> [EXERCISE INPUTS]:
/---

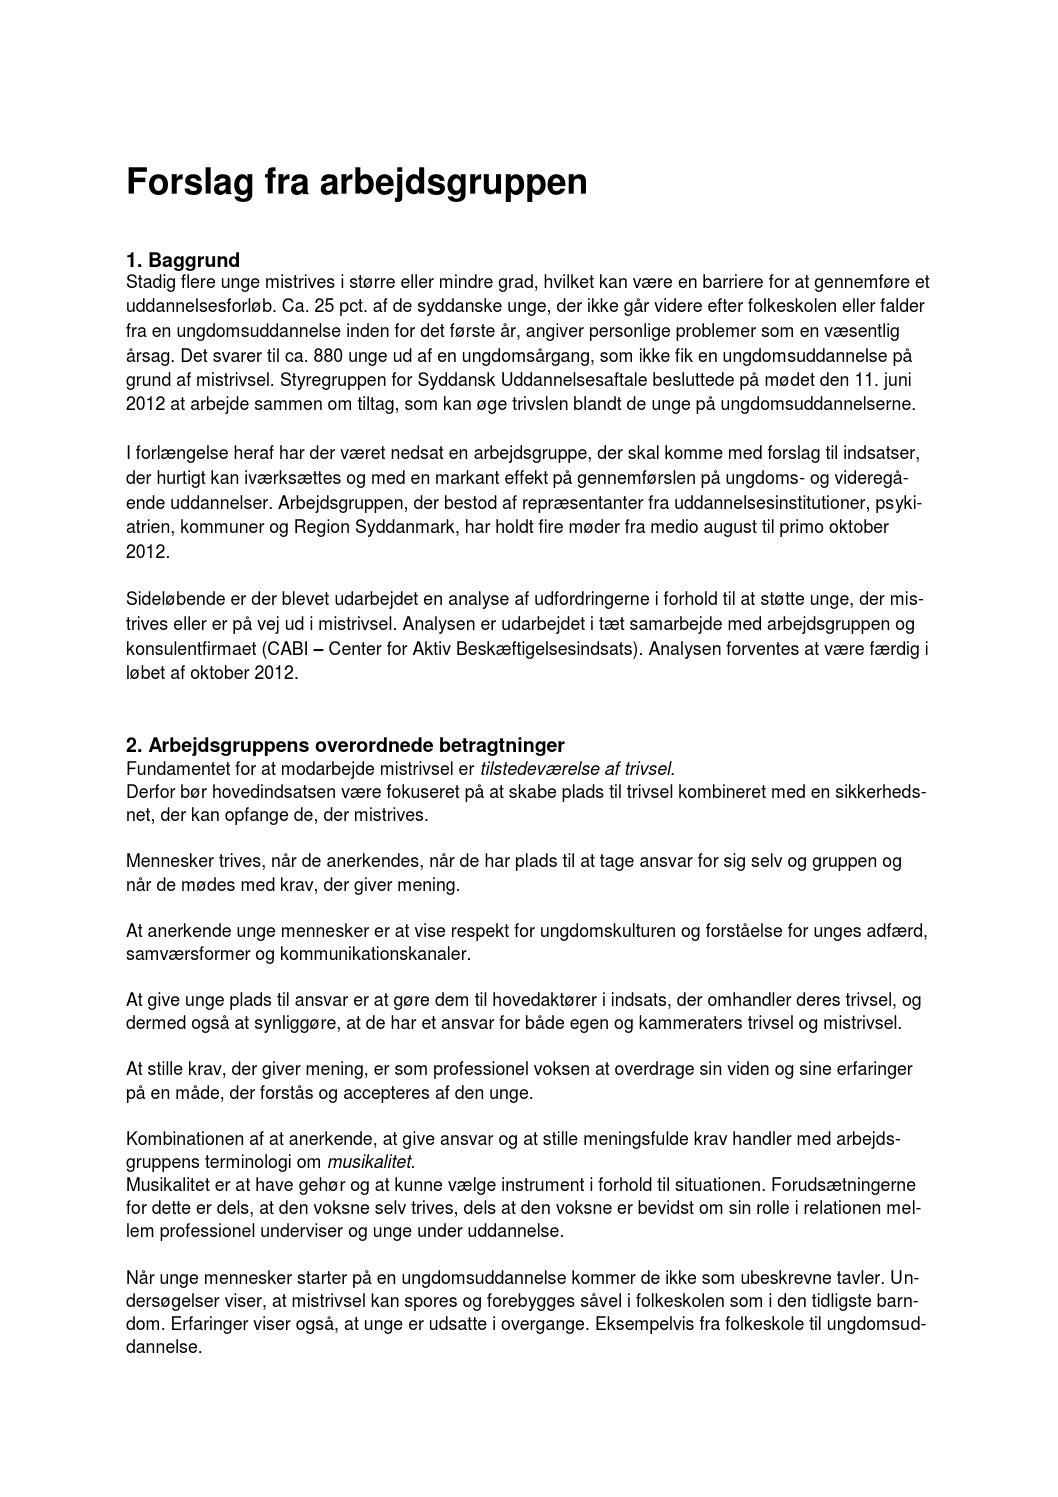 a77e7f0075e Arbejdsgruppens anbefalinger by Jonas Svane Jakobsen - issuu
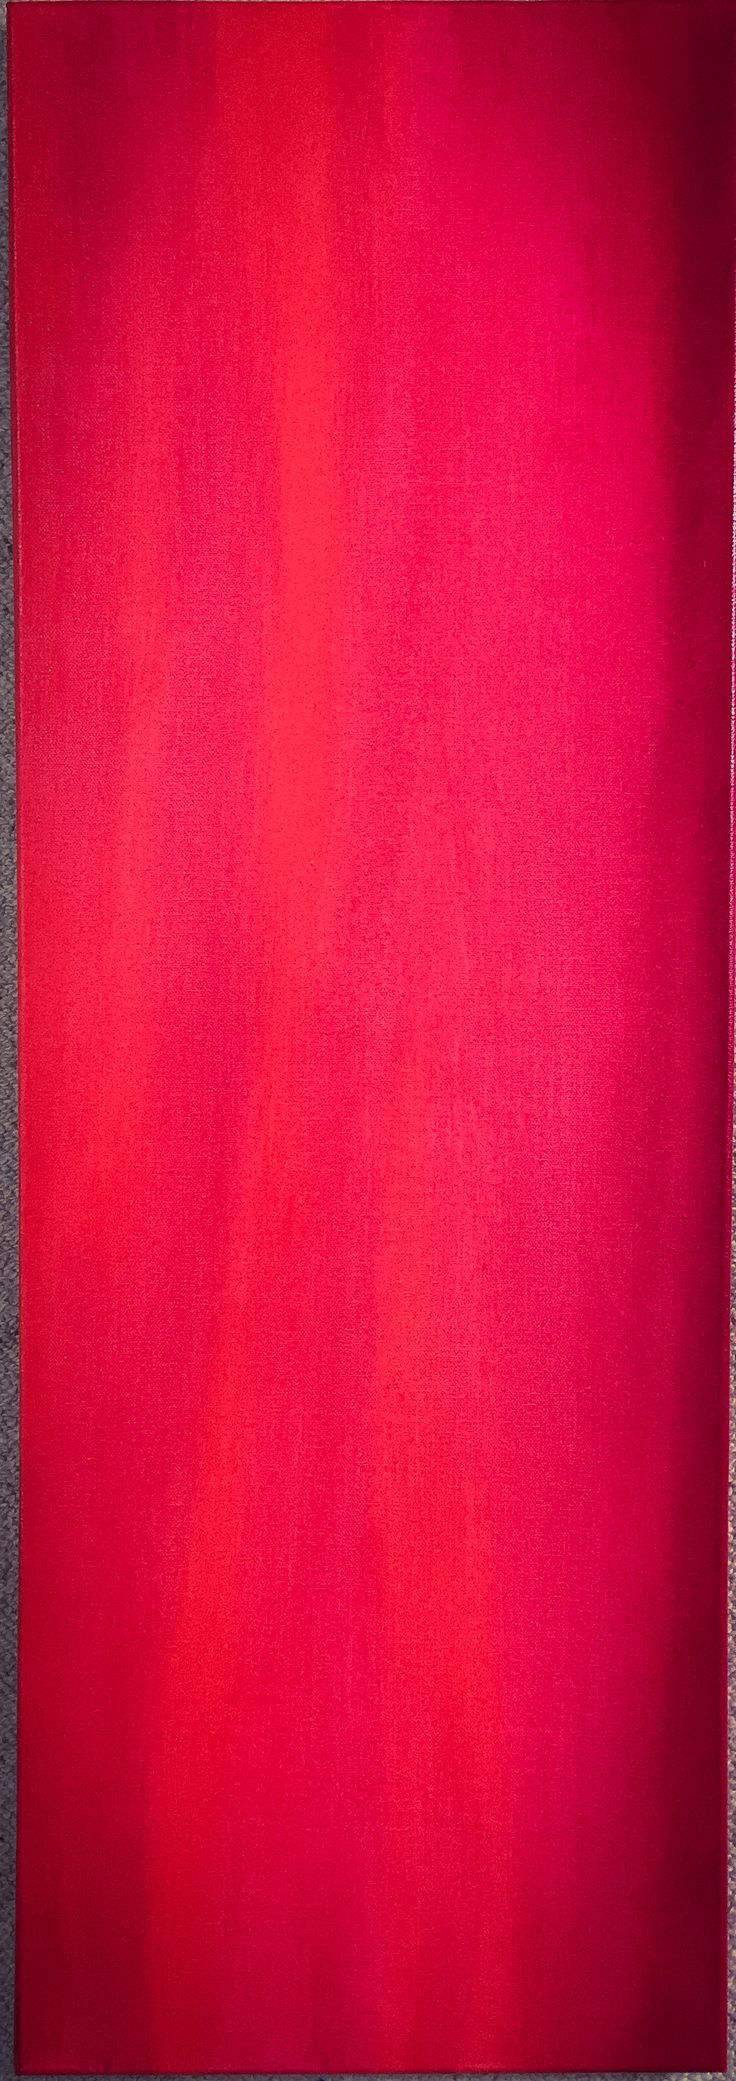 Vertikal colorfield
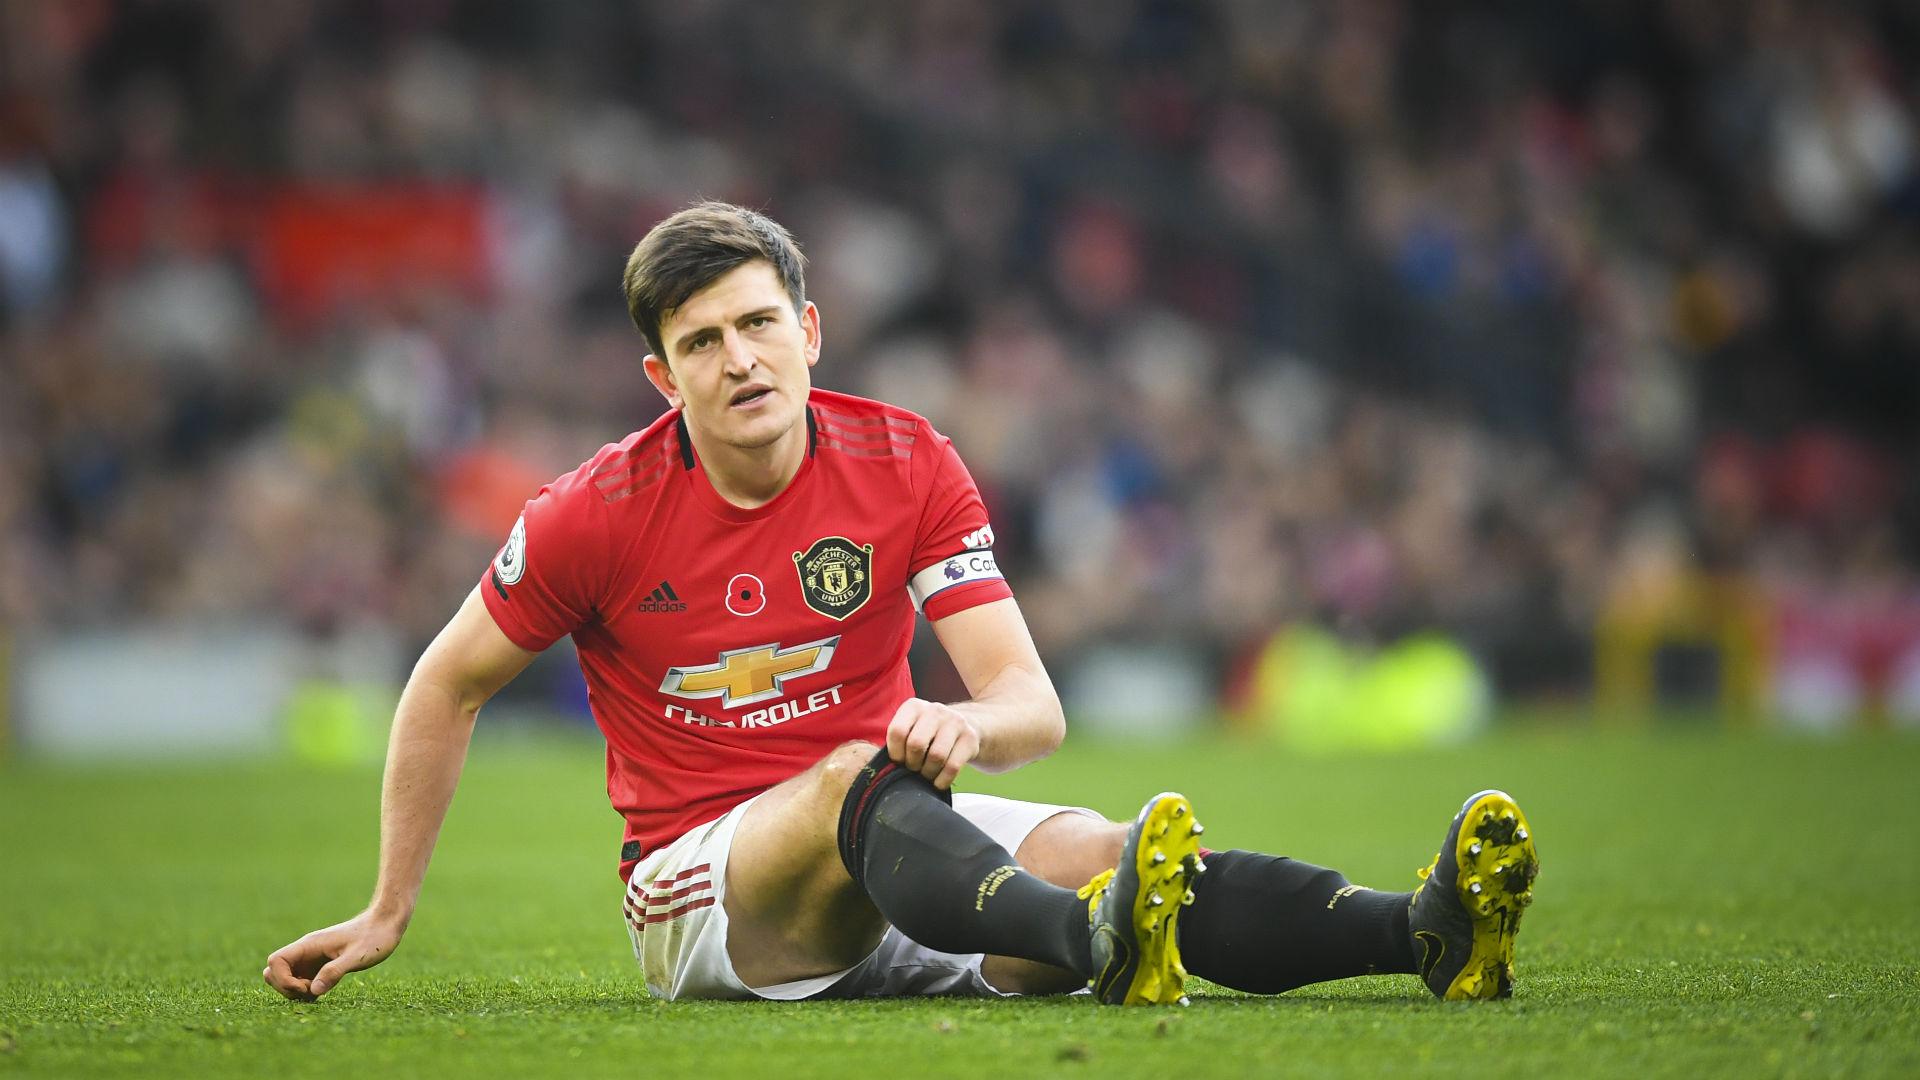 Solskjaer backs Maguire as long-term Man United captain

\---
/---

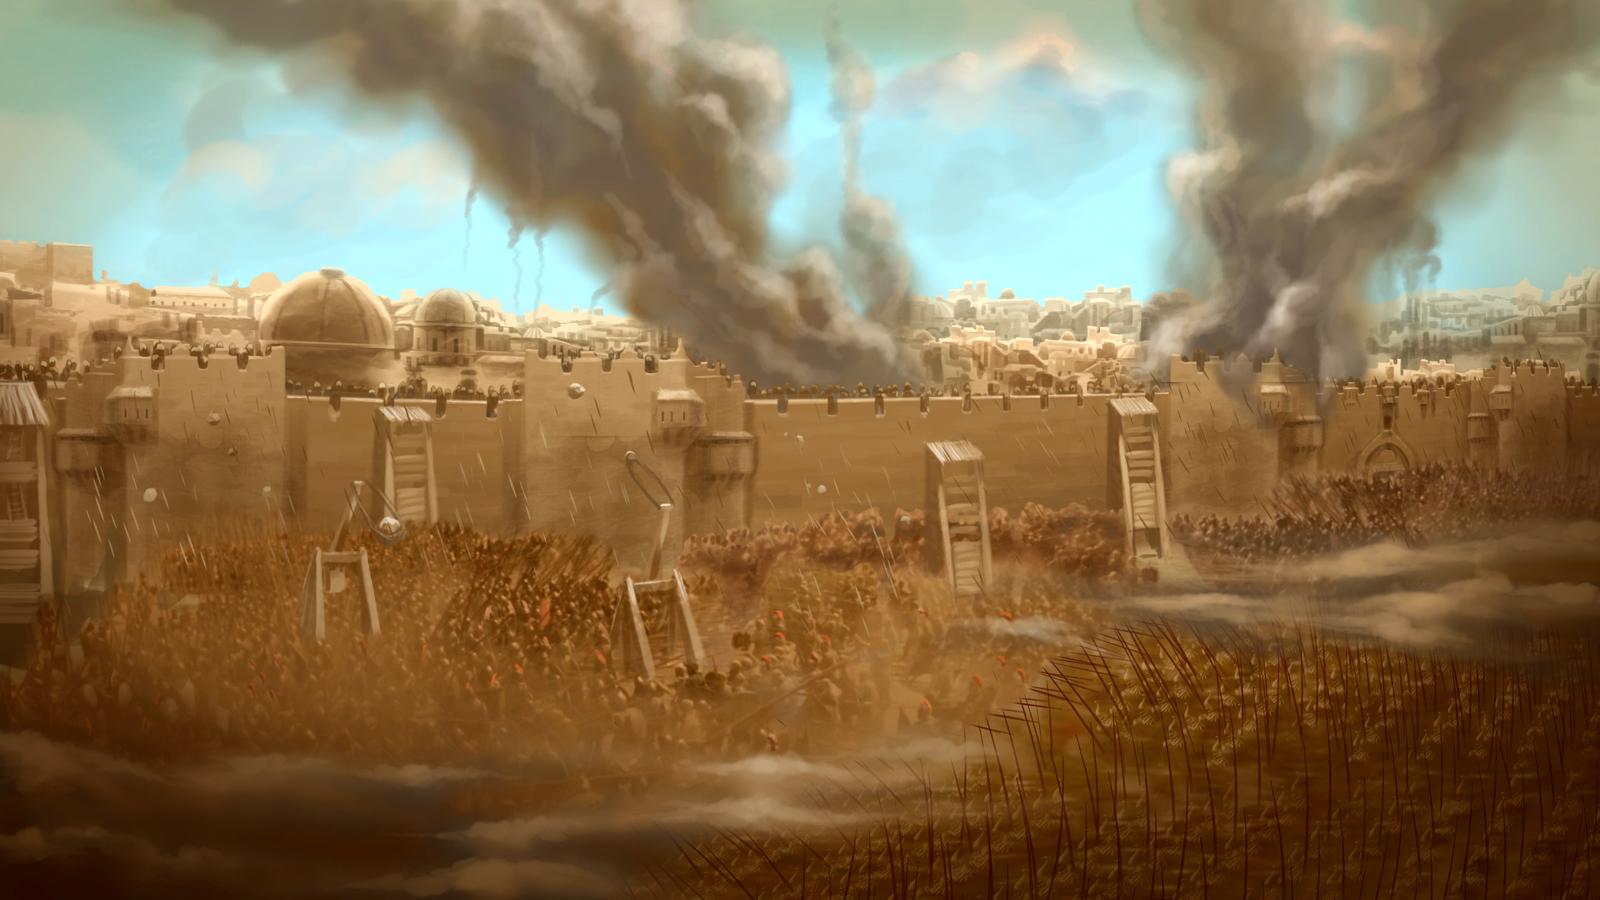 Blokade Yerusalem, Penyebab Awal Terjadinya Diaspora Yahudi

\---

Using the data above, give again exactly the lines starting at the one holding "a77e7f0075e Arbejdsgruppens anbefalinger" and ending at the one holding "Solskjaer backs Maguire", inclusive, and nothing more. Omit the pictures.

 a77e7f0075e Arbejdsgruppens anbefalinger by Jonas Svane Jakobsen - issuu
 Vertikal colorfield
 Solskjaer backs Maguire as long-term Man United captain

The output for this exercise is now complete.